▸ **COLLECTED DATA**

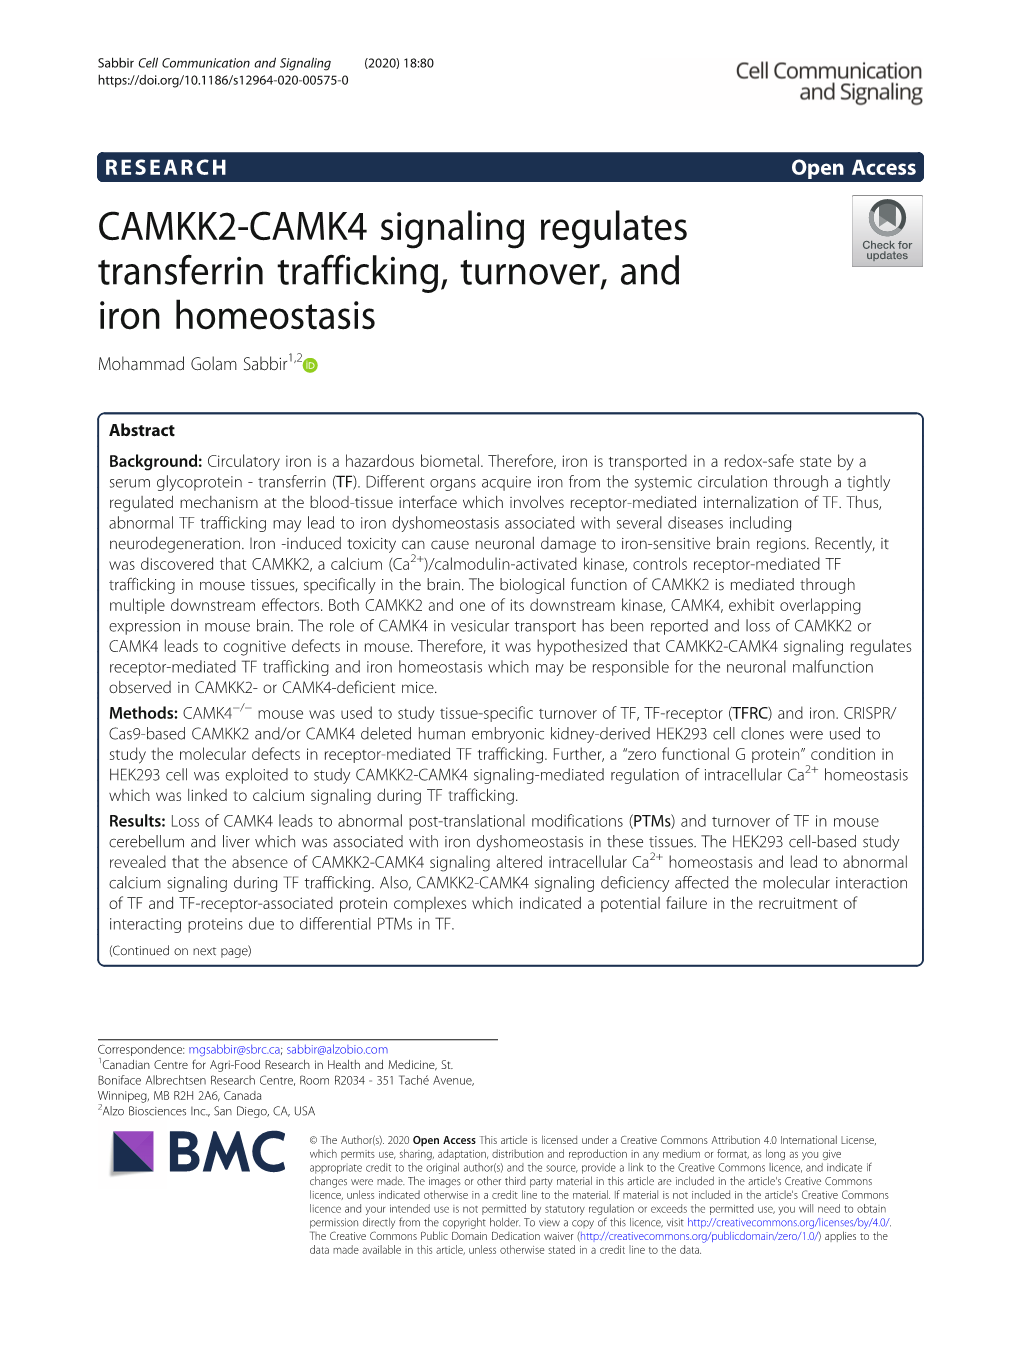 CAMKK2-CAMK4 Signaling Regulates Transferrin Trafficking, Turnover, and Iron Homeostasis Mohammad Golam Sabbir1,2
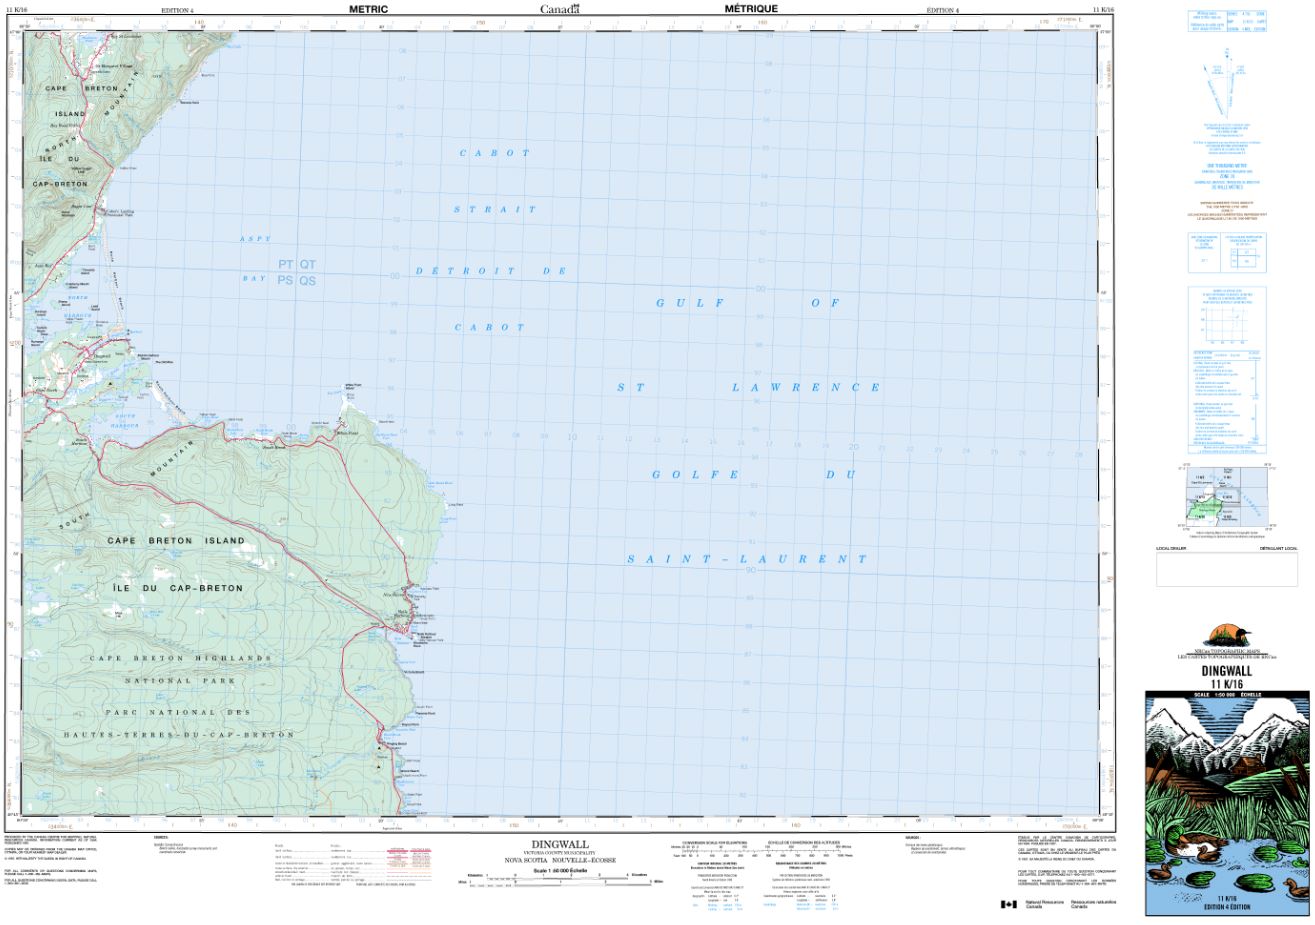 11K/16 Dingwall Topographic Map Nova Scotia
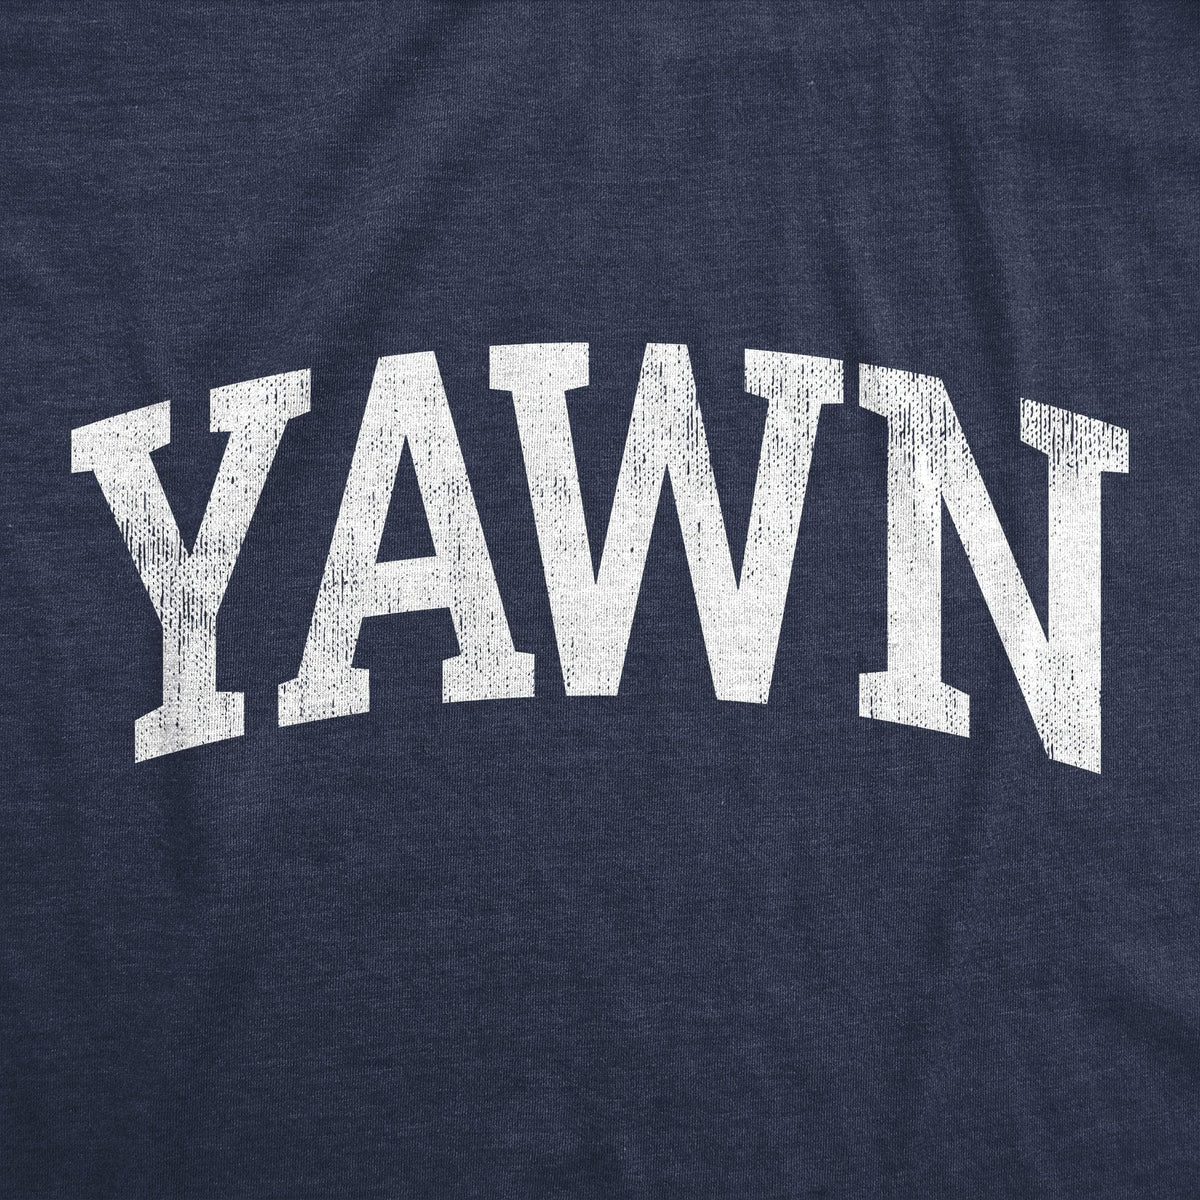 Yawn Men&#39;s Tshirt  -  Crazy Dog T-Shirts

▸ **TASK DIRECTIONS**
Transcribe the lines above exactly, setting aside any picture among them.

▸ **YOUR SOLUTION**
 CAMKK2-CAMK4 Signaling Regulates Transferrin Trafficking, Turnover, and Iron Homeostasis Mohammad Golam Sabbir1,2
 11K/16 Dingwall Topographic Map Nova Scotia
 Yawn Men&#39;s Tshirt  -  Crazy Dog T-Shirts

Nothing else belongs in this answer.